Information shown:
== == ==

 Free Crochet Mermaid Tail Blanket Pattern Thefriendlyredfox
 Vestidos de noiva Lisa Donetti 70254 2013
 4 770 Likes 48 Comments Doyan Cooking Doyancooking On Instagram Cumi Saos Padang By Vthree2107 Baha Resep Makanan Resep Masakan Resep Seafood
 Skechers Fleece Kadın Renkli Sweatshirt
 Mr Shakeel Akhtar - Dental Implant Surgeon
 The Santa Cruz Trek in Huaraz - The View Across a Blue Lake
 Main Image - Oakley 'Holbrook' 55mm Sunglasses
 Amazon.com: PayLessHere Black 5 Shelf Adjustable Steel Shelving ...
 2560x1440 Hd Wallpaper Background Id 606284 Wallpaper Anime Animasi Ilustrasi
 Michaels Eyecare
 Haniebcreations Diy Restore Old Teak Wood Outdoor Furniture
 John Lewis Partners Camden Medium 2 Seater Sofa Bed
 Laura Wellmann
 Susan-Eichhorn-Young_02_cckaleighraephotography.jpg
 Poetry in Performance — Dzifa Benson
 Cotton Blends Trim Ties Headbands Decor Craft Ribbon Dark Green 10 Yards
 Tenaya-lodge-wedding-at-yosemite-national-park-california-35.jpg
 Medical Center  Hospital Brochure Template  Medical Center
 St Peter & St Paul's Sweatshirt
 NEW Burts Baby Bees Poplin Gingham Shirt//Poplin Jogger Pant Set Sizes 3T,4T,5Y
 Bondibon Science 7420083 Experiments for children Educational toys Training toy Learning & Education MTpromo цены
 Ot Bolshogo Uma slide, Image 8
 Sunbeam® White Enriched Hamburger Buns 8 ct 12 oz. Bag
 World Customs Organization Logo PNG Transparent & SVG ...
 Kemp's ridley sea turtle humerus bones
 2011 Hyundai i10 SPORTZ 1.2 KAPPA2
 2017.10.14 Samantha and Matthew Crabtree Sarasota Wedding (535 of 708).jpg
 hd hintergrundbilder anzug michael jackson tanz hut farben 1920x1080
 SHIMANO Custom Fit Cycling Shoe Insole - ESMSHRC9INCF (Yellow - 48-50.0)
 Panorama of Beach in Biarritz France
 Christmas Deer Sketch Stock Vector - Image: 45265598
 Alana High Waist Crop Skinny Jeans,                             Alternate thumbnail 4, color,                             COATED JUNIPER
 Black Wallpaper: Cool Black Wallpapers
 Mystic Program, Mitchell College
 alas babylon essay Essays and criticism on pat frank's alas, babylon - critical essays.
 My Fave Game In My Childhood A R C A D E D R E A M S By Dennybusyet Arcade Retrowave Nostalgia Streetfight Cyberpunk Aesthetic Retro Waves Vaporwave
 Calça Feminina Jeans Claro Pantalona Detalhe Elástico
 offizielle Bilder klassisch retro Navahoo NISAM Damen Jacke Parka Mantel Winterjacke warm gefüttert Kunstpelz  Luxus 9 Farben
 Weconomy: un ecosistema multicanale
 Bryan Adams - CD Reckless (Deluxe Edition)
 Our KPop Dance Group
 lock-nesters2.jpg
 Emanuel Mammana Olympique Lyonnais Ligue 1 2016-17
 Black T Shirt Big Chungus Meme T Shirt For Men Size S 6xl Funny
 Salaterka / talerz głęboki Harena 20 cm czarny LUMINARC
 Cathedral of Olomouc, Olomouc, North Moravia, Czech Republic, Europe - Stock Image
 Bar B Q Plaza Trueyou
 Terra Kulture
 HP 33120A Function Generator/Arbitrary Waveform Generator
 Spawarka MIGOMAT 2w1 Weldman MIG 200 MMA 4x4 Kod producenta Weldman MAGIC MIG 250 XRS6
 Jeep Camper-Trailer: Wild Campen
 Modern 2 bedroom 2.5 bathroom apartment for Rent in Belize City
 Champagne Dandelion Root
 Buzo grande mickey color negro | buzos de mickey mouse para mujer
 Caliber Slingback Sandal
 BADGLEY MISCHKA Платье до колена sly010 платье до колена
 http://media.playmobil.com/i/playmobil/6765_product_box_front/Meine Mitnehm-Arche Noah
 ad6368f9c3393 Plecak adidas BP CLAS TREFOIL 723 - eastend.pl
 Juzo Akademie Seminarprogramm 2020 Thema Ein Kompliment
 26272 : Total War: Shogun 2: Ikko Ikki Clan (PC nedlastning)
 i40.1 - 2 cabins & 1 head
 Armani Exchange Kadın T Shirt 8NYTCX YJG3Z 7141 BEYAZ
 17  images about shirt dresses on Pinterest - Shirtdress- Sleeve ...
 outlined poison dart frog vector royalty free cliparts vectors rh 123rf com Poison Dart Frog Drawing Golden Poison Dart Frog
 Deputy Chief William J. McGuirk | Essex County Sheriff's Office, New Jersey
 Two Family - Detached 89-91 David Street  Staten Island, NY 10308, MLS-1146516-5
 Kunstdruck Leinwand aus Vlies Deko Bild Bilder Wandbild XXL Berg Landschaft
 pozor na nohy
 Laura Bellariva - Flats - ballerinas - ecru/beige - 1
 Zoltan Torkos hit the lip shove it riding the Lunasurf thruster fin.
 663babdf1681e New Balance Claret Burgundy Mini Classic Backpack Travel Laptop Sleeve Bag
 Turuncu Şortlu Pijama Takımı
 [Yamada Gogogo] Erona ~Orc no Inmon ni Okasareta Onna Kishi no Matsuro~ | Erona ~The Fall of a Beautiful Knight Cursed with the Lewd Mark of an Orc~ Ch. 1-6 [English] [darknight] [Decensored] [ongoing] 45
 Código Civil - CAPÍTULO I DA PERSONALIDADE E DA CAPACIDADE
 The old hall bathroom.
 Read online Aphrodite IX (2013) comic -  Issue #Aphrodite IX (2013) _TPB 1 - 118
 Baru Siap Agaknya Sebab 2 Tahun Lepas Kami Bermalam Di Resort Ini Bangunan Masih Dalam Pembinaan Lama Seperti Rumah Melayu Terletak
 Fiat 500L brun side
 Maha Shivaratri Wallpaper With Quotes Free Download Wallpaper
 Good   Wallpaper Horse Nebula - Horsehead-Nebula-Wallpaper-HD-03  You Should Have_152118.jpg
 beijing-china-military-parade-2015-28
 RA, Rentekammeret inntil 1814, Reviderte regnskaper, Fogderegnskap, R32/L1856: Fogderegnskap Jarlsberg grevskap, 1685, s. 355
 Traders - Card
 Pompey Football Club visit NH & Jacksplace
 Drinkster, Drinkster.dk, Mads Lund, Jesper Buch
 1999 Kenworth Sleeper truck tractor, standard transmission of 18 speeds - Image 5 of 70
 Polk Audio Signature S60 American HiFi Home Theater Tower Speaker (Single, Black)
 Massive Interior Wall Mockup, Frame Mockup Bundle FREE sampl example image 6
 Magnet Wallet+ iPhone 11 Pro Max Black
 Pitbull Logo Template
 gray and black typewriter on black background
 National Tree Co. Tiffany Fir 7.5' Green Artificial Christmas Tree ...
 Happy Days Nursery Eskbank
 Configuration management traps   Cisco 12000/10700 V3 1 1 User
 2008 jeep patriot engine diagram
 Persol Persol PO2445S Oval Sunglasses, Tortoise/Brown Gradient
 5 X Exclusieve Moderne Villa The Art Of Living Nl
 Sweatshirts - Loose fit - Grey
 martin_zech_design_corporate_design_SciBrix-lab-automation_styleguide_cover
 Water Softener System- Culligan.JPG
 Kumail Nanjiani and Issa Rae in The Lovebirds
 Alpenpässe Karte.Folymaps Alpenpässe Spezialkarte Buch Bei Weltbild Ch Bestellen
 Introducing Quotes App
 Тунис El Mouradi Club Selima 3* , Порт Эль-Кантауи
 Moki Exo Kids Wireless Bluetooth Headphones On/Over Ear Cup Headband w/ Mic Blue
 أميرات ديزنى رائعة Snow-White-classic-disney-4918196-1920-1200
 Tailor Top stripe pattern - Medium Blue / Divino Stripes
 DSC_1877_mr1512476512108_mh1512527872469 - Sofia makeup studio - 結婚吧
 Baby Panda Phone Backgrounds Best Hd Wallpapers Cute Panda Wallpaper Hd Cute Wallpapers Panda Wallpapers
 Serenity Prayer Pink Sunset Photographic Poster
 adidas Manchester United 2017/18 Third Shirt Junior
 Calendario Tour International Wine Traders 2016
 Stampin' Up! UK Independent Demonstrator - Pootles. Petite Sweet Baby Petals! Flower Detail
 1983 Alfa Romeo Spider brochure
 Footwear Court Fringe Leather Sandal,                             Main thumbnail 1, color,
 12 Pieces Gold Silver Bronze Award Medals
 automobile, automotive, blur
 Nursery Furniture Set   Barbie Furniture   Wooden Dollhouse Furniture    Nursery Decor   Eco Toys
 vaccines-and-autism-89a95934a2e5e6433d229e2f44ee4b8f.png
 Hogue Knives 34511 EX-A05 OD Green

== == ==

Try it: Go through the data and copy every line that includes "Buch".

Response:
 Drinkster, Drinkster.dk, Mads Lund, Jesper Buch
 Alpenpässe Karte.Folymaps Alpenpässe Spezialkarte Buch Bei Weltbild Ch Bestellen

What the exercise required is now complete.